### WORK TO BE COMPLETED:
Apart from the images, reproduce all of the data word for word.

### RECORDED DATA:
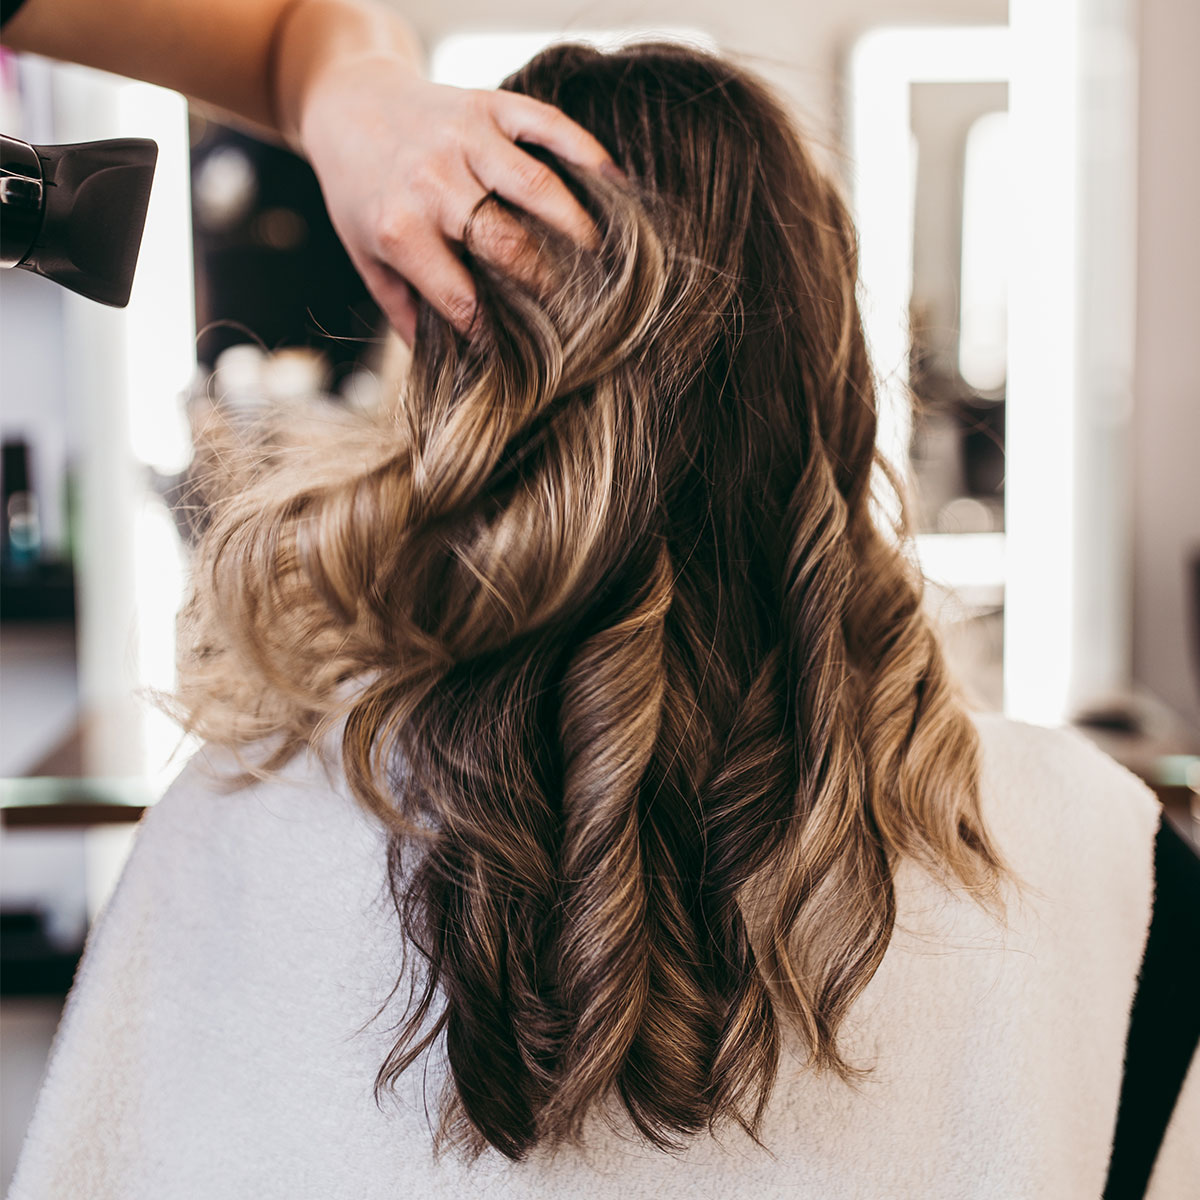 These Types Of Shampoo And Conditioner Instantly Boost Volume And Thickness—Even  On Thinning Hair! - SHEfinds
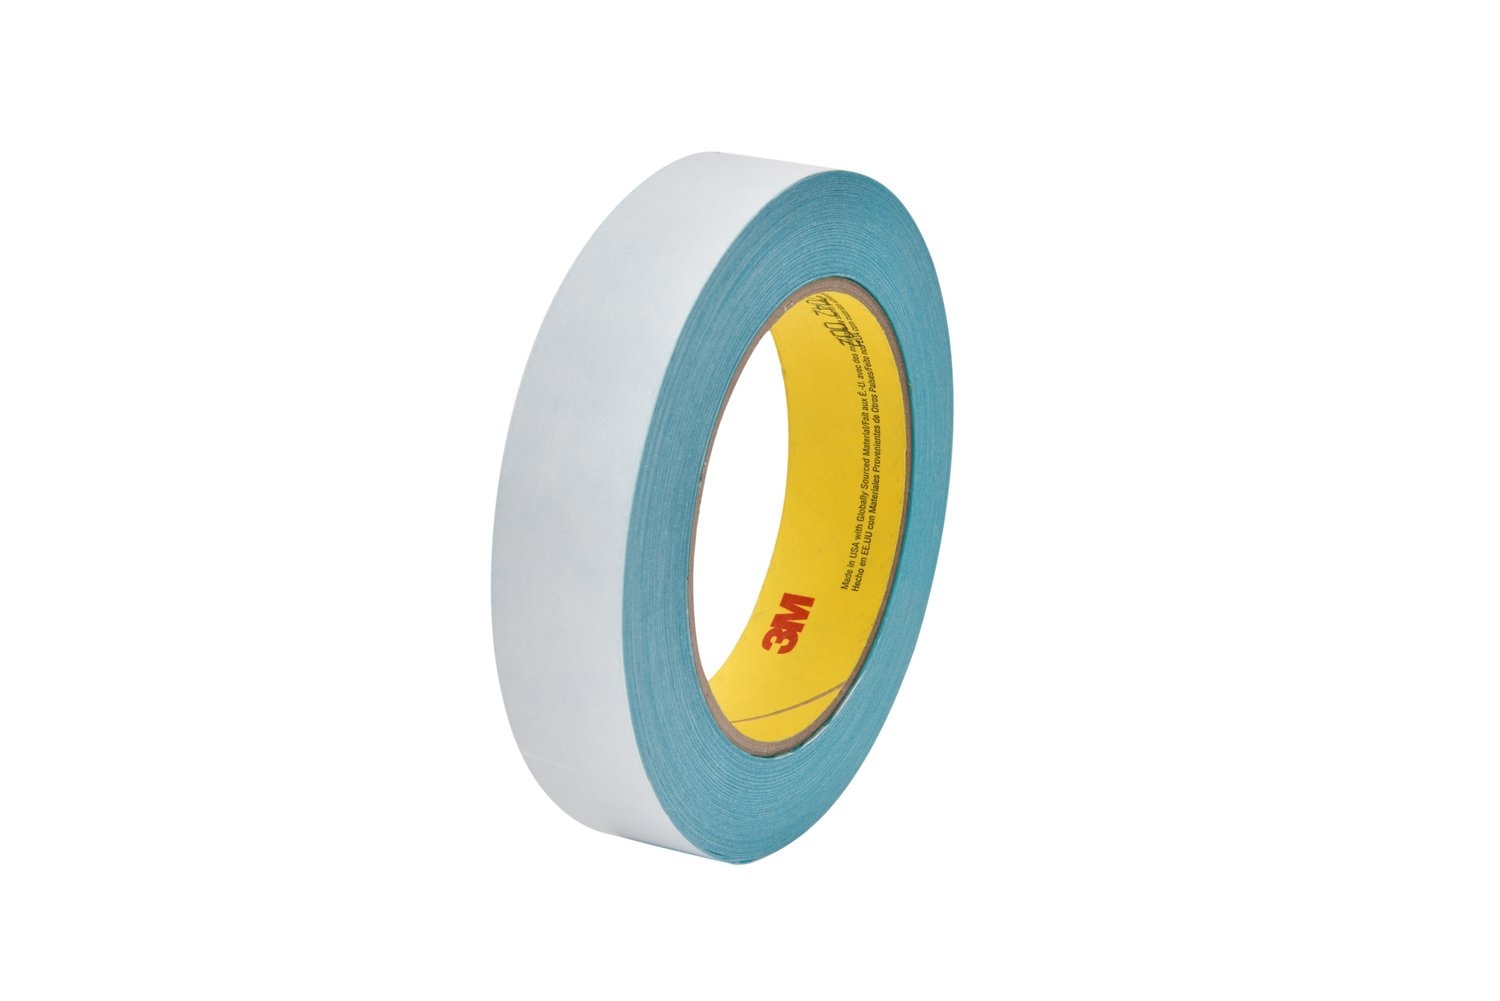 7100132863 - 3M Repulpable Double Coated Flying Splice Tape 913, Blue, 3 mil, Roll,
Config

### SOLVED PROBLEM:
 These Types Of Shampoo And Conditioner Instantly Boost Volume And Thickness—Even  On Thinning Hair! - SHEfinds
 7100132863 - 3M Repulpable Double Coated Flying Splice Tape 913, Blue, 3 mil, Roll,
Config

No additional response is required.